Цыганка ощущала, как песок согревает ноги, которые устали от заемного праха и вечной ходьбы по лезвию. Елена была уверена в том, что убила любовь! Но оказывается, что только приглушила. Девушка узнала о бракосочетании сегодня из газет. Ссора с Клаусом, но Гилберт отправляется на встречу, вручает какой-то глупый подарок и уходит. Елена почувствовала холод морских вод на ногах. Она остановилась, посмотрела на морскую гладь, а потом бросилась вон…

Девушка бежала быстрее и быстрее, желая убежать как можно дальше от ярких чувств, которые надевают кандалы и отнимают право на счастье. Елена бежит, и ей кажется, что бег спасает. Появляется боль в ногах и отдышка, но все это ничто, по сравнению с состоянием внутри души. Елена бежит быстрее и быстрее, чувствуя, как зыбкие пески сковывают движения. Здесь должны быть кочующие таборы, где Елена сможет забыться. И Гилберт мчится именно к ним, вспоминая, что она – Дрина. Цыганка, которая никого не пускает в свое сердце и никому не рассказывает о своих чувствах! Юная Дрина, внешние обстоятельства тебя закалили… И сделали тебя слабой. Любовь сломила тот стержень, который достался тебе от родителей. Ты проиграла все свои битвы, тебе не вручат награду, ты станешь главной темой обсуждения… А потом о тебе забудут. Ведь ты больше не будешь интересна.

Елена видит впереди костер и то, как развиваются цветные ткани одежды. Знакомое наречие, знакомые пляски и знакомая музыка. Елена настигает табор, и все затихают, видя новоприбывшую. А Гилберт больше не может молчать. Она выхватывает у парня бутылку рома и начинает пить. Еще и еще… Хмель притупляет боль и все минувшие событий кажутся мелочью. Девушка откидывает бутылку, и ром разливаются по песку. Пламя согревает плечи. Слышен звон браслетов, слышен сильный голос Елены, а потом все улыбаются, видя красивые танцы Елены. Она танцует, а ткань юбки развивается. Кто-то начинает подтанцовывать и подпевать, кто-то – бить в бубен. Девушка набирает обороты и танцует, наслаждаясь тем, чего она так давно не видела.

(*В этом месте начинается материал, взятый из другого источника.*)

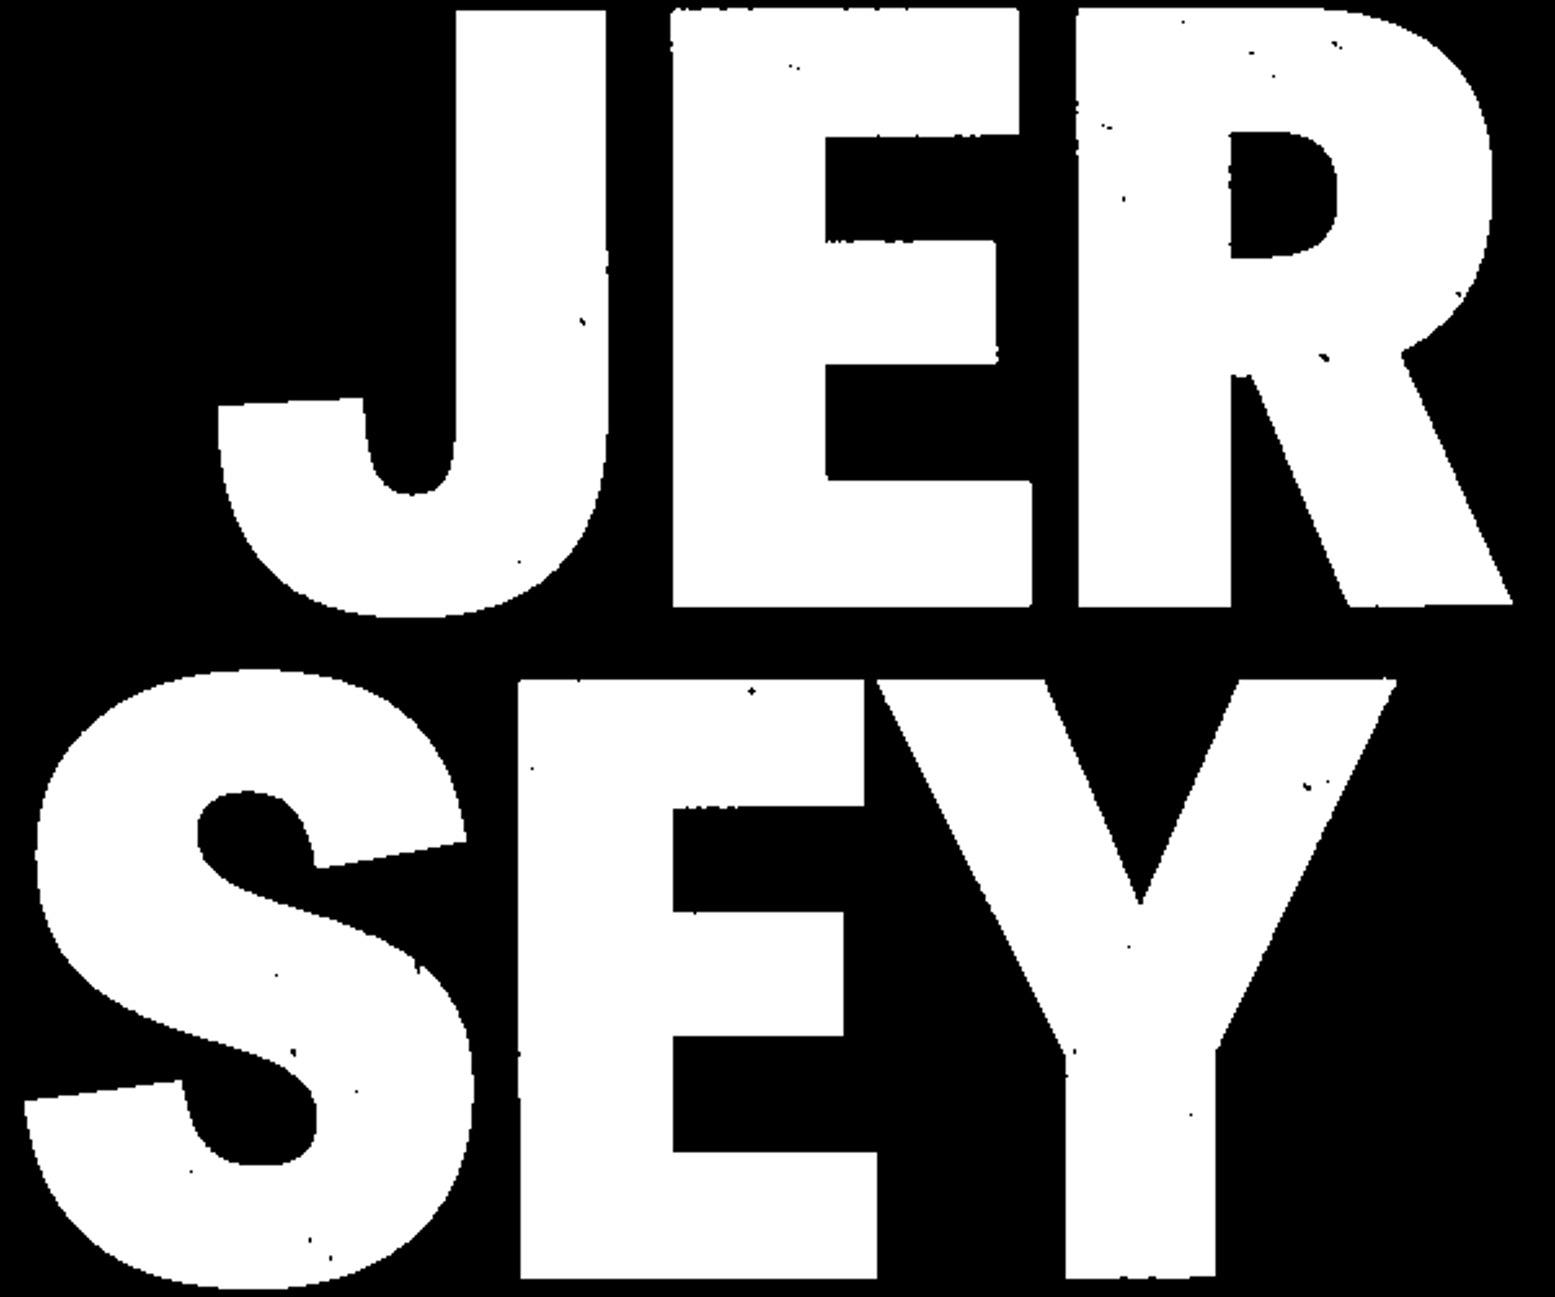 JERSEY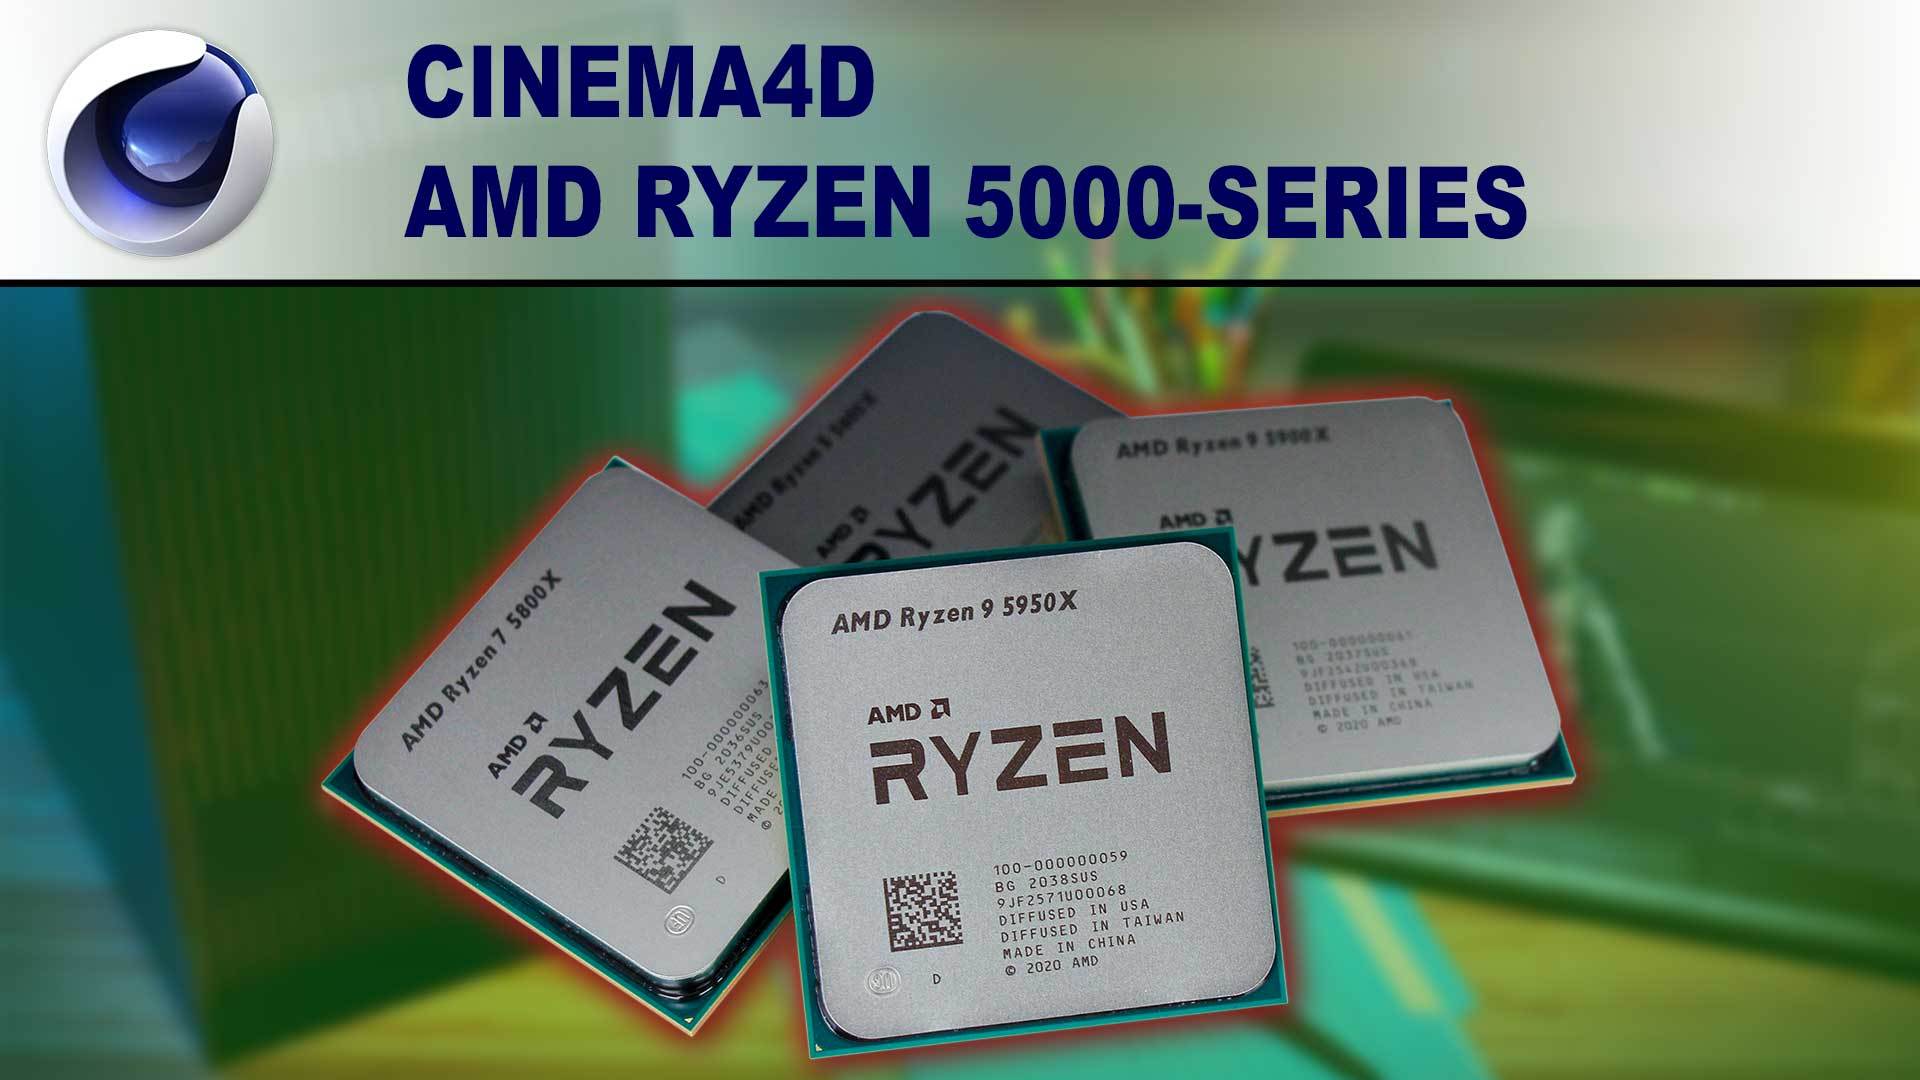 Cinema 4D AMD Ryzen 5000 Series

Старая цыганка София смотрит на отчаянную девушку, которая просто не знает к кому ей пристать. Кому как ни Софии и другим цыганам знать о том, как может любить цыганская девушка, как может дарить себя, и как эта любовь опасна для нее самой. Костер и лунный свет освещали стройную фигуру Гилберт, которая забылась. Волосы окончательно растрепались, платье помялось, а телодвижения все больше наполняются отчаянием. Она – Дрина! Никто не смеет ее подчинить. И любовь можно убить! Ведь раньше это получалось… Сейчас у нее есть семья и есть будущее. Но любовь к другому человеку, смерть Изабель и несчастья выбивают почву из-под ног. Елена хватает бутылку, снова выпивает, отдает ее кому-то и вновь бросается в танец. Кто-то начинает плясать вместе с ней, и постепенно табор принимает новобранку, которая желает забыть о своих разрушительных чувствах.

Несколько минут забвения, – и Елена падает возле костра. Она смотрит на пламя и дает волю слезам. Из-за чего ее так ломает, помимо любви к своему же отцу и смерти матери? Из-за Клауса. Елена обещала любить и быть верной, но понимала, что не может это сделать. Ник столько дал ей в жизни, реанимировал, заставил жить и бросать его бесчеловечно, а возвращаться к Деймону нет возможности. Вот и все. Тупик. Эту стену не проломить.

Кто-то касается подбородка девушки, и Елена обращает взгляд на красивую женщину. Елена не знает еще ее имени, не знает ничего о ней, но девушка обнимает цыганку и дает волю рыданиям. Она чувствует, как София обнимает ее, как пламя от костра согревает озябшее тело. Сзади слышатся цыганские напевы про парня, которого не стоит будить, пока «ромалэ солнышко не взойдет». Девушка обнимает цыганку, а та просто молчит и успокаивает. Елена осталась одна. Совсем одна.